Observation of robust one-dimensional edge channels in a three-dimensional quantum spin Hall insulator

TL;DR

This paper reports the experimental discovery of robust one-dimensional edge channels in a three-dimensional quantum spin Hall insulator, alpha-Bi4I4, demonstrating its topological nature and potential for quantum device applications.

Contribution

It provides the first experimental evidence of 3D QSHI edge states in alpha-Bi4I4, a material with trivial symmetry indicators but nontrivial topology from spin Chern numbers.

Findings

Edge states observed at monolayer and bilayer steps via STM

Edge channels are robust and unaffected by defects

Two independent edge channels detected at bilayer steps

Abstract

Topologically protected edge channels show prospects for quantum devices. They have been found experimentally in two-dimensional (2D) quantum spin Hall insulators (QSHIs), weak topological insulators and higher-order topological insulators (HOTIs), but the number of materials realizing these topologies is still quite limited. Here, we provide evidence for topological edge states within a novel topology named three-dimensional (3D) QSHIs. Its topology originates solely from a nonzero $S_z$ spin Chern number for each $k_z$ plane of the crystal and is realized in bulk $\alpha$-Bi$_4$I$_4$ with trivial symmetry indicators, as we show by density functional theory calculations. We experimentally observe the related edge states at each type of monolayer and bilayer step of this material by scanning tunneling microscopy.
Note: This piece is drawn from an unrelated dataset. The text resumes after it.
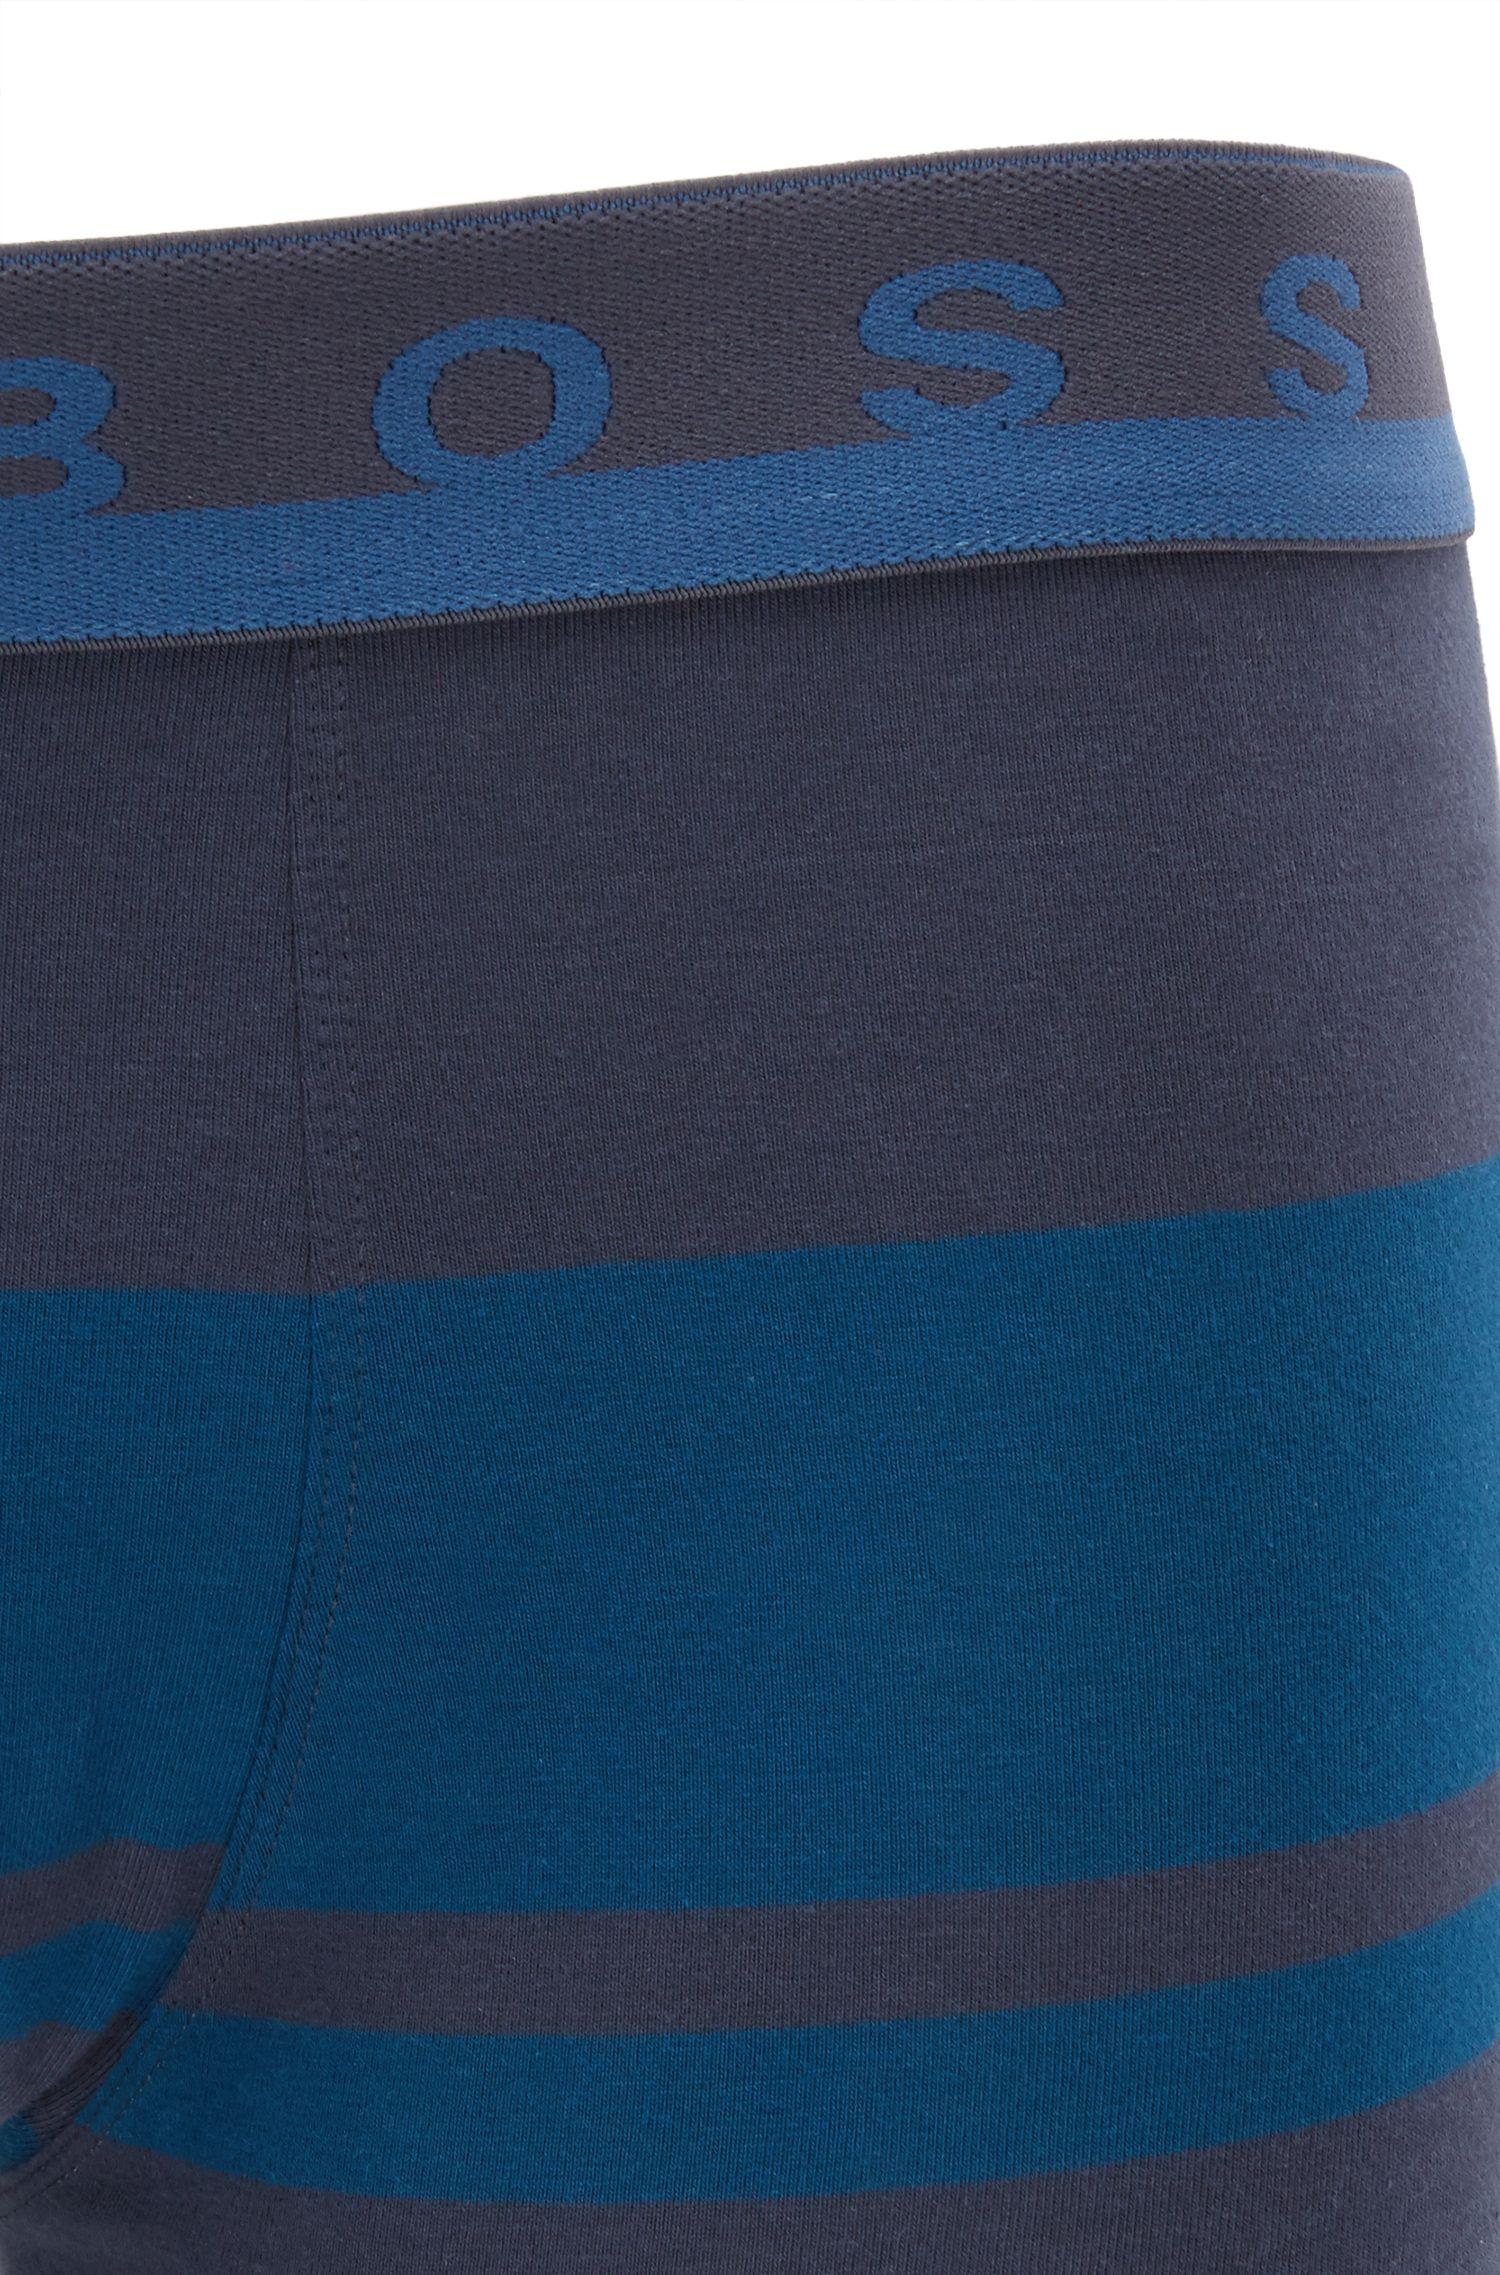 Striped Stretch Cotton Jersey Trunk | Trunk Stripe

Consistently, the edge states are neither interrupted, nor backscattered by defects at the step edges corroborating their helical character as expected from the nontrivial topology. Furthermore, two individual edge channels are directly observed at bilayer steps without visible interaction gap opening, demonstrating the robustness of these edge modes against vertical stacking. Our results establish $\alpha$-Bi$_4$I$_4$ as the first material realization of a 3D QSHI whose definition goes beyond the scope of topological symmetry indicators, and provide a pathway for realizing nearly-quantized spin Hall conductivity per unit cell in a bulk crystal.